- **EXERCISE DETAILS**:
Repeat the listing exactly. Do not carry over any pictures.

- **DATA SHOWN**:
□ □ □ □

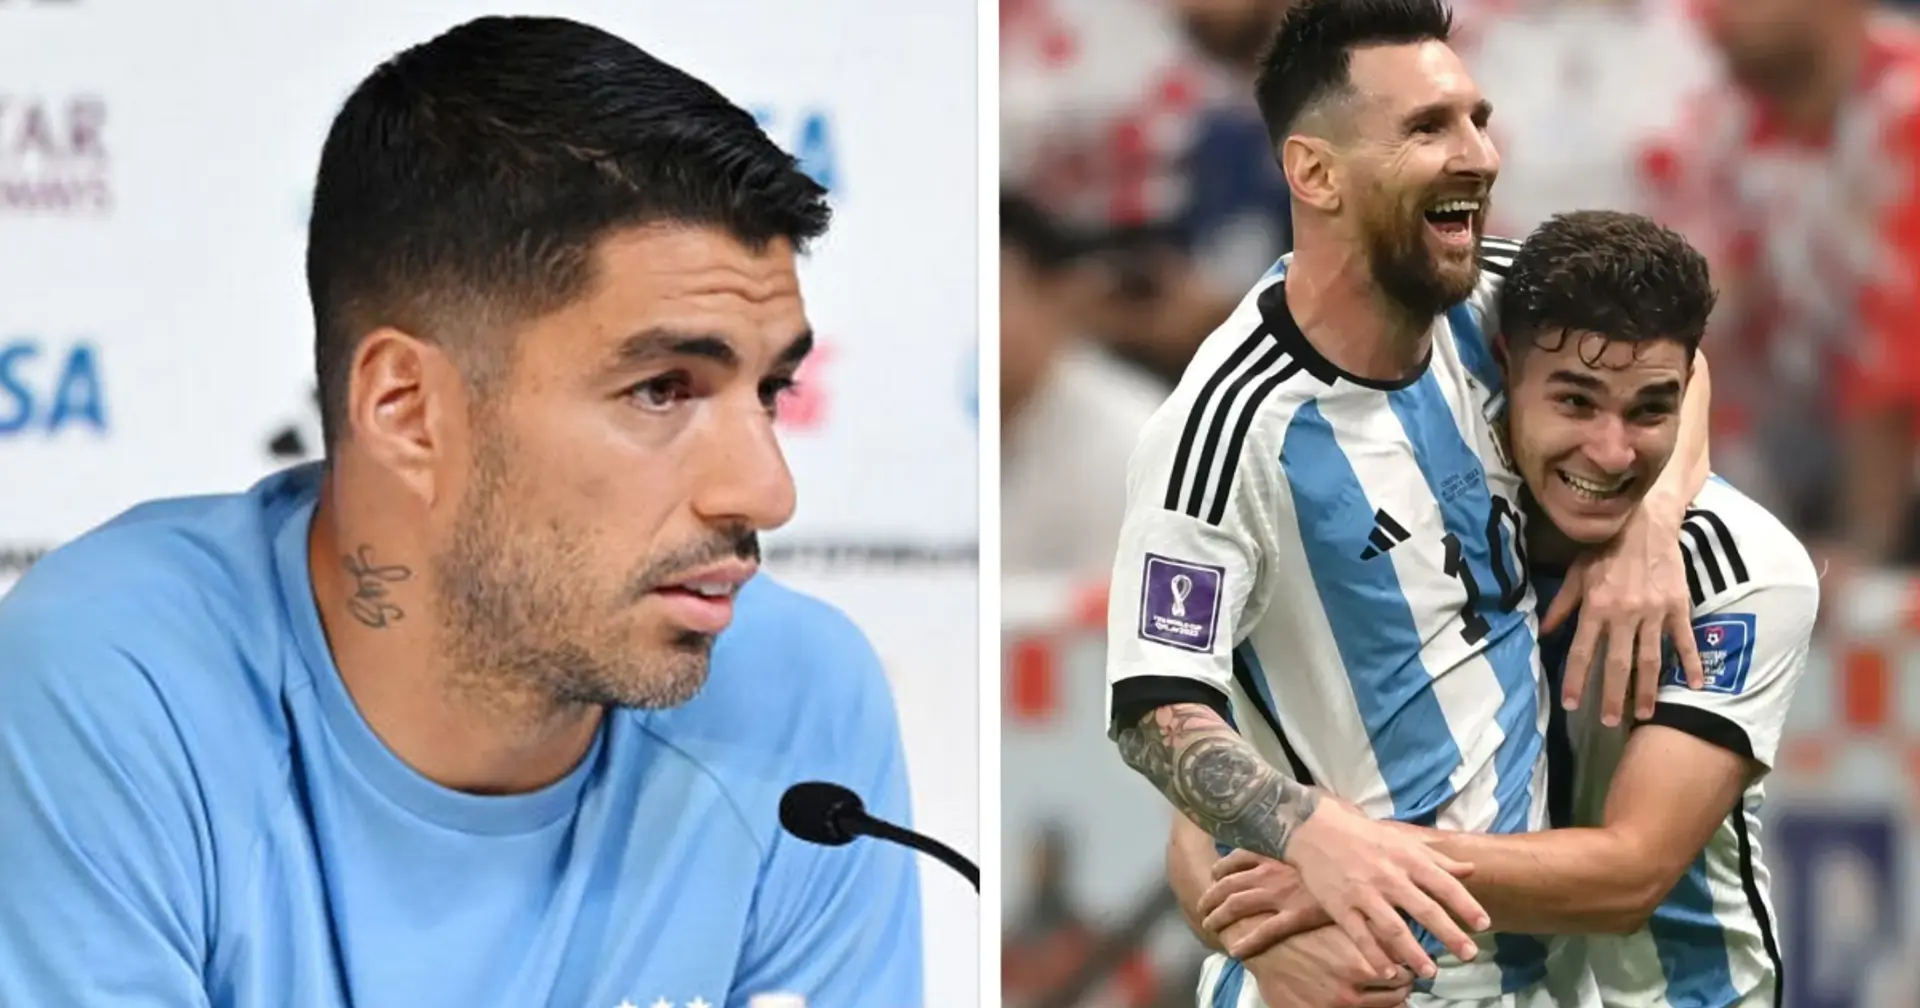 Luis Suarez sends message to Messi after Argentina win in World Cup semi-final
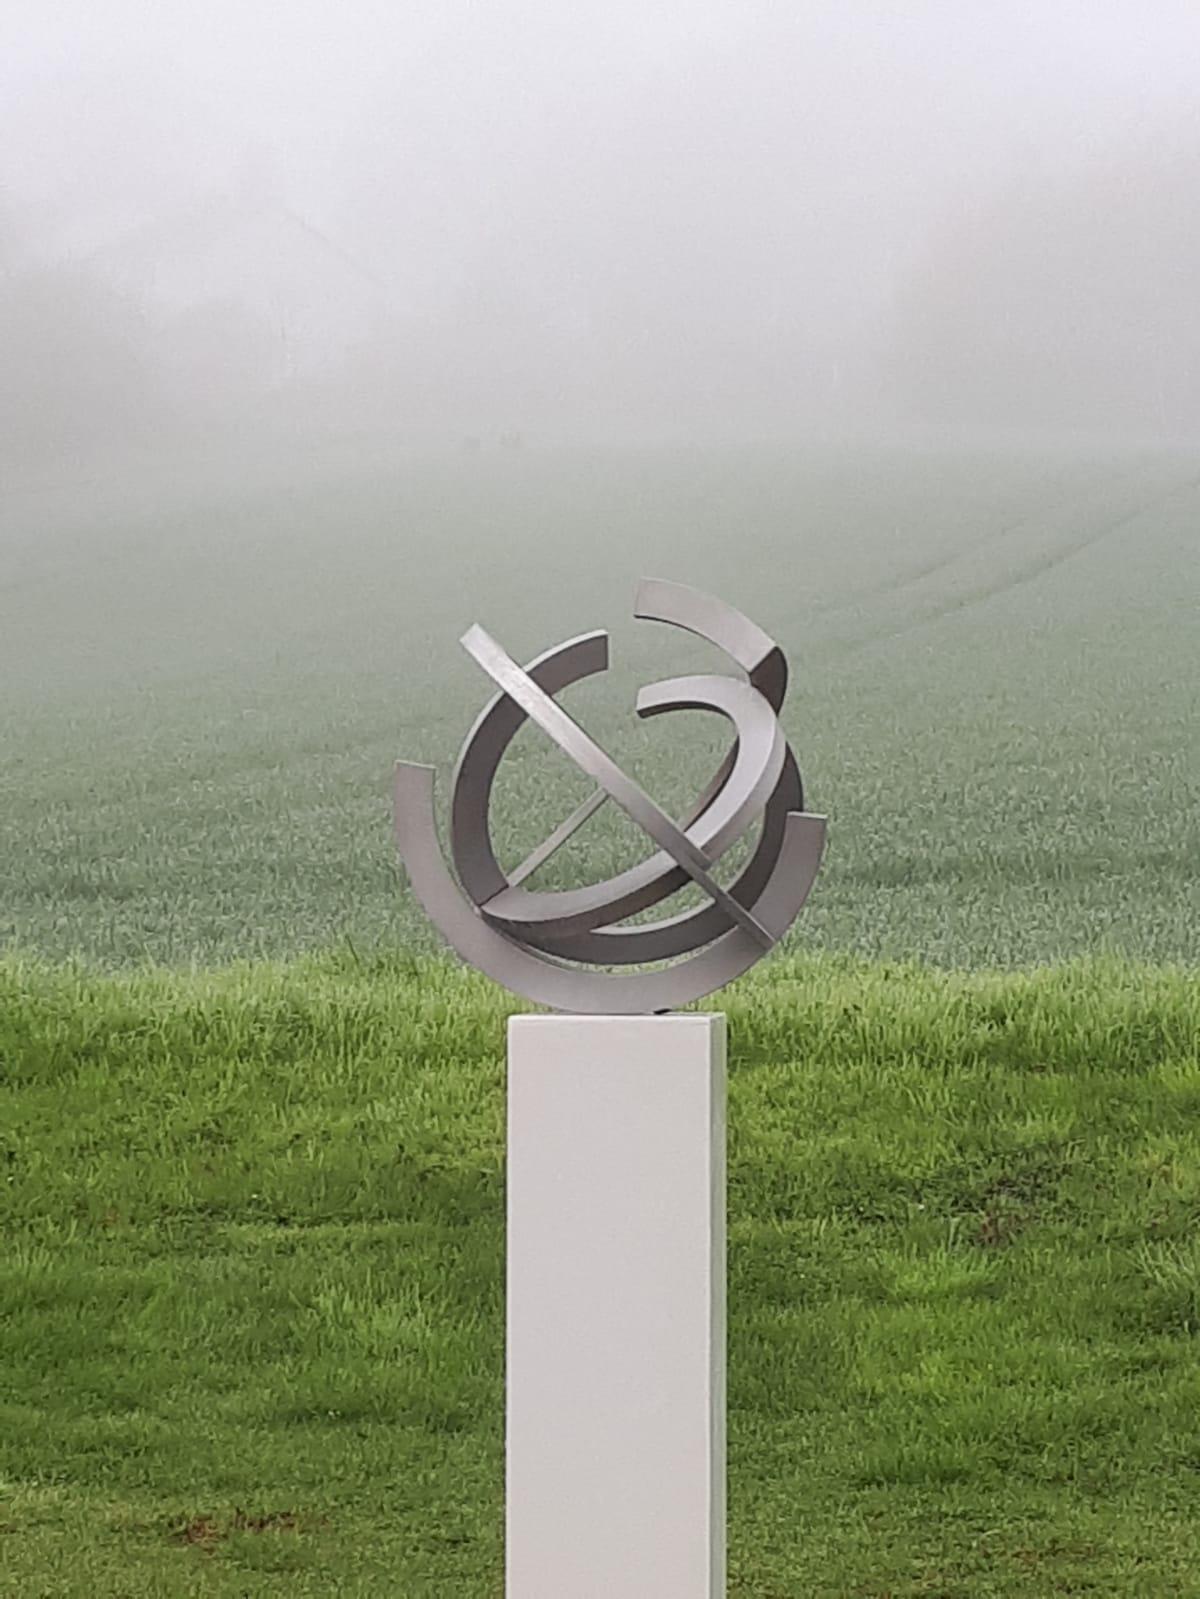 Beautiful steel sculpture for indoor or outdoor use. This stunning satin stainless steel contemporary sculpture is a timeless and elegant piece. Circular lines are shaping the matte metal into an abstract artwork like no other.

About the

□ □ □ □

- **RESPONSE**:
 Luis Suarez sends message to Messi after Argentina win in World Cup semi-final
 Beautiful steel sculpture for indoor or outdoor use. This stunning satin stainless steel contemporary sculpture is a timeless and elegant piece. Circular lines are shaping the matte metal into an abstract artwork like no other.

About the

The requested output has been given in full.